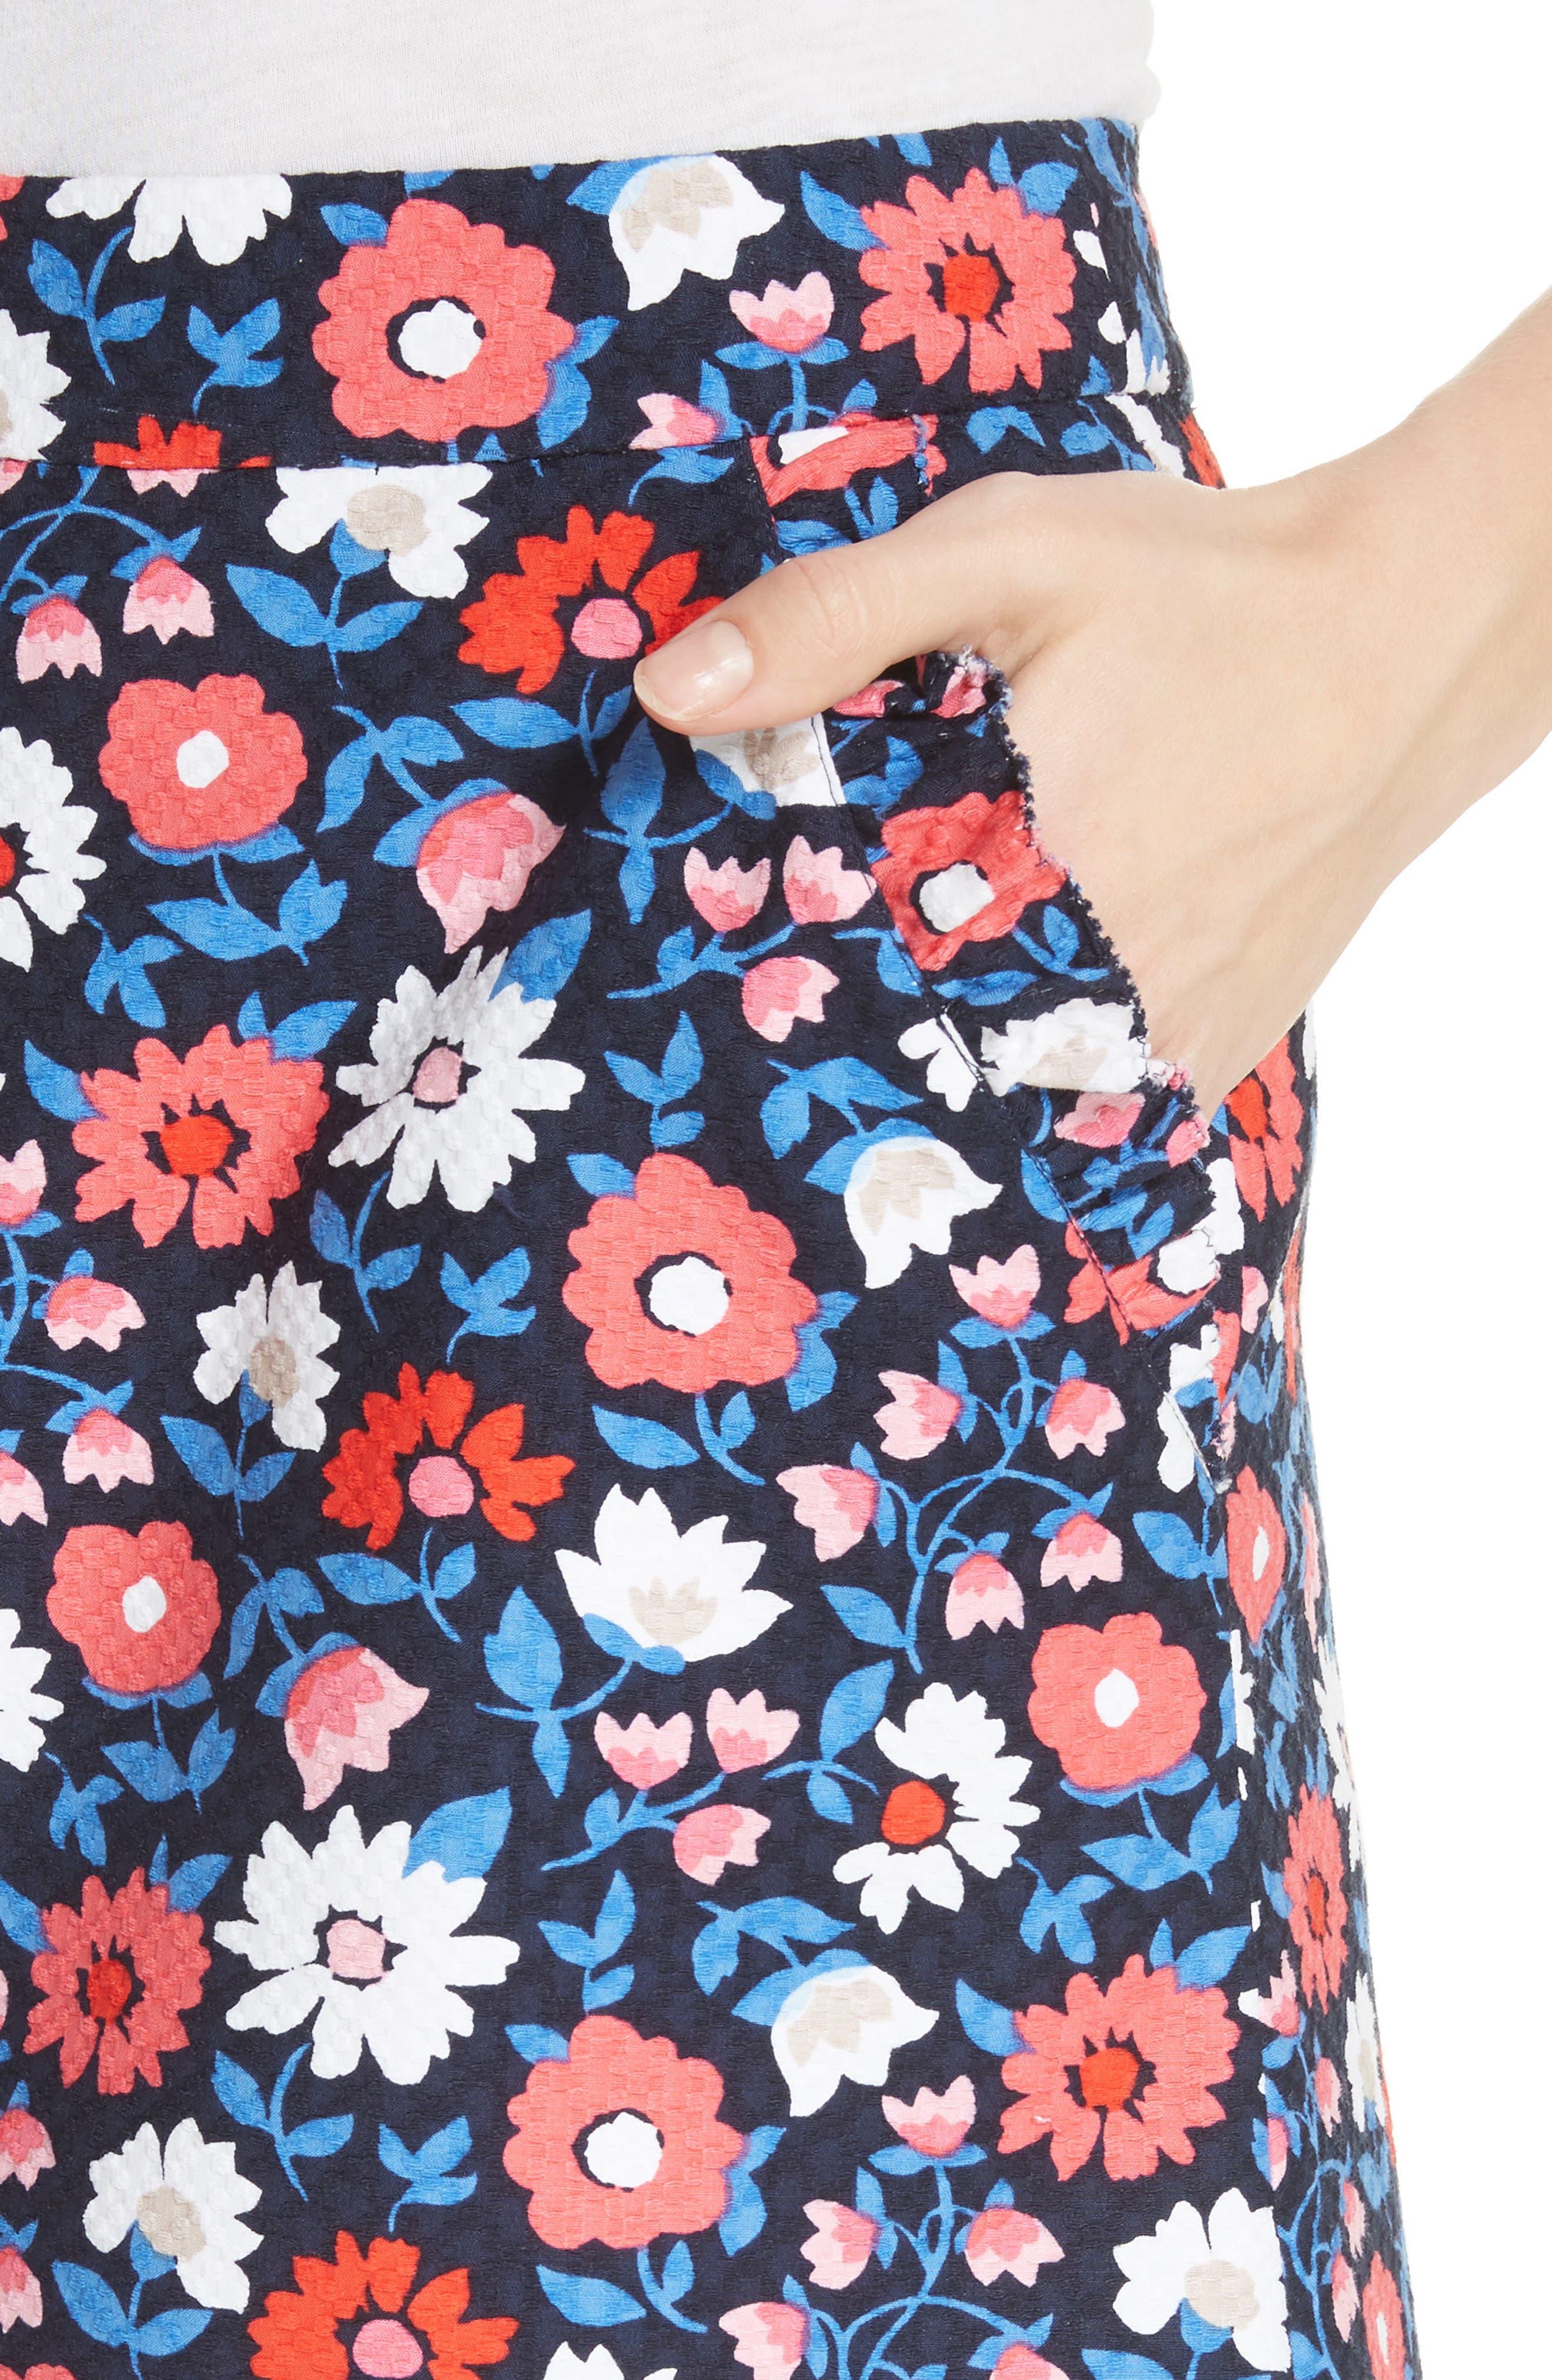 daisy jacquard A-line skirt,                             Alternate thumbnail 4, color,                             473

§ §

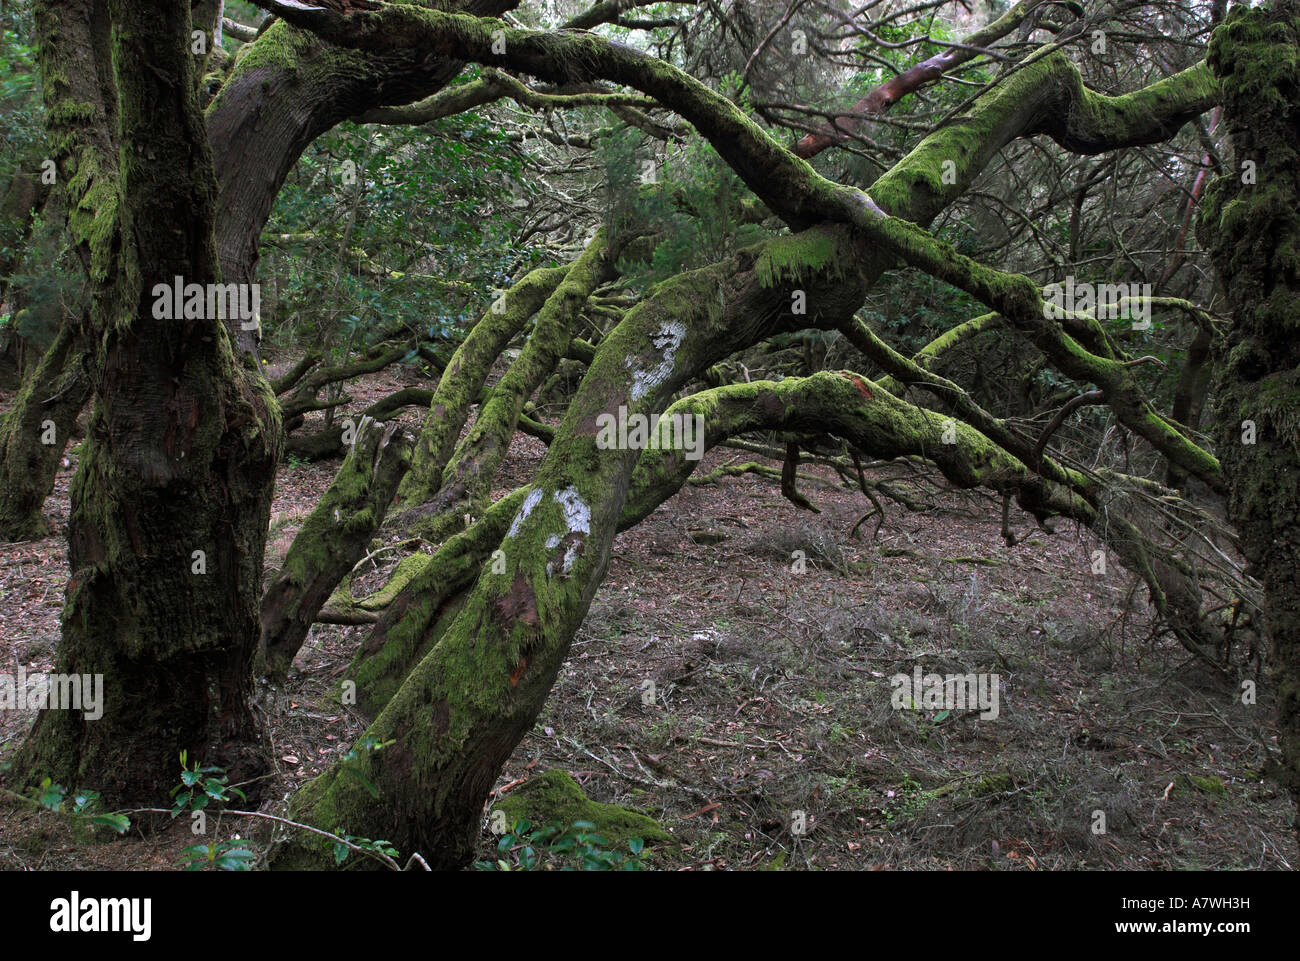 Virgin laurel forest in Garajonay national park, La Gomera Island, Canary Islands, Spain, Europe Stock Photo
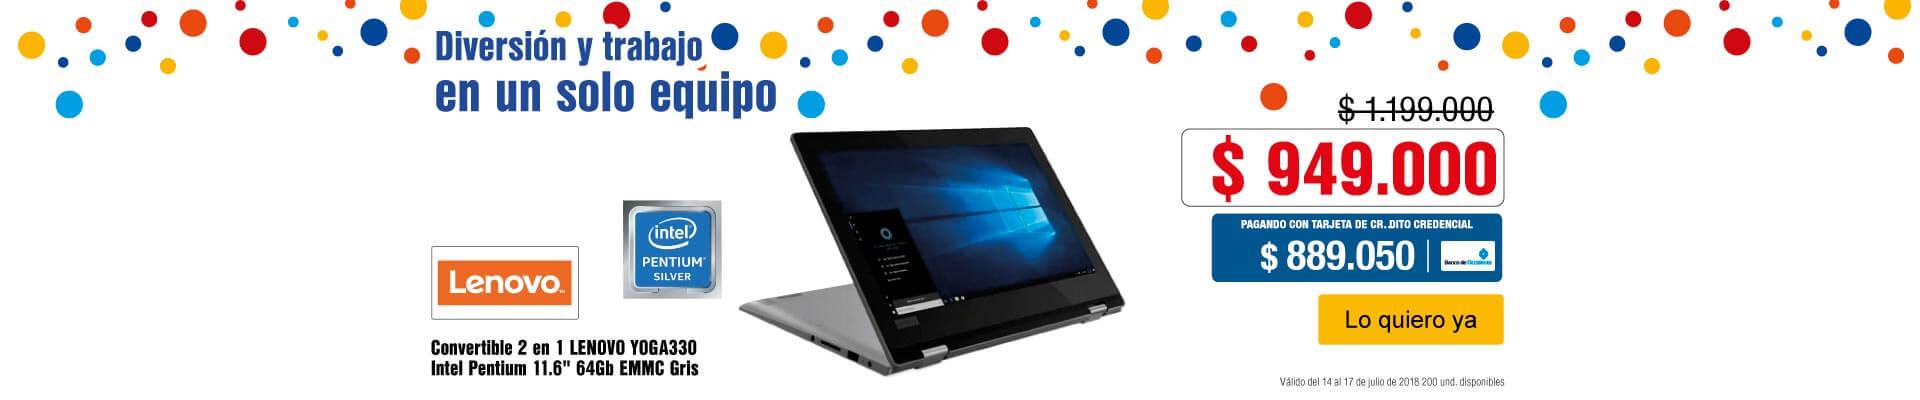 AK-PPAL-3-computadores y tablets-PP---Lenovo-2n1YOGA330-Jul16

§ §

§ Task item
The material above holds pictures; leave them out and set down exactly the lines from the line with "Virgin laurel forest" to the line with "AK-PPAL-3-computadores y tablets-PP---Lenovo-2n1YOGA330-Jul16", both included.

§ Answer box
 Virgin laurel forest in Garajonay national park, La Gomera Island, Canary Islands, Spain, Europe Stock Photo
 AK-PPAL-3-computadores y tablets-PP---Lenovo-2n1YOGA330-Jul16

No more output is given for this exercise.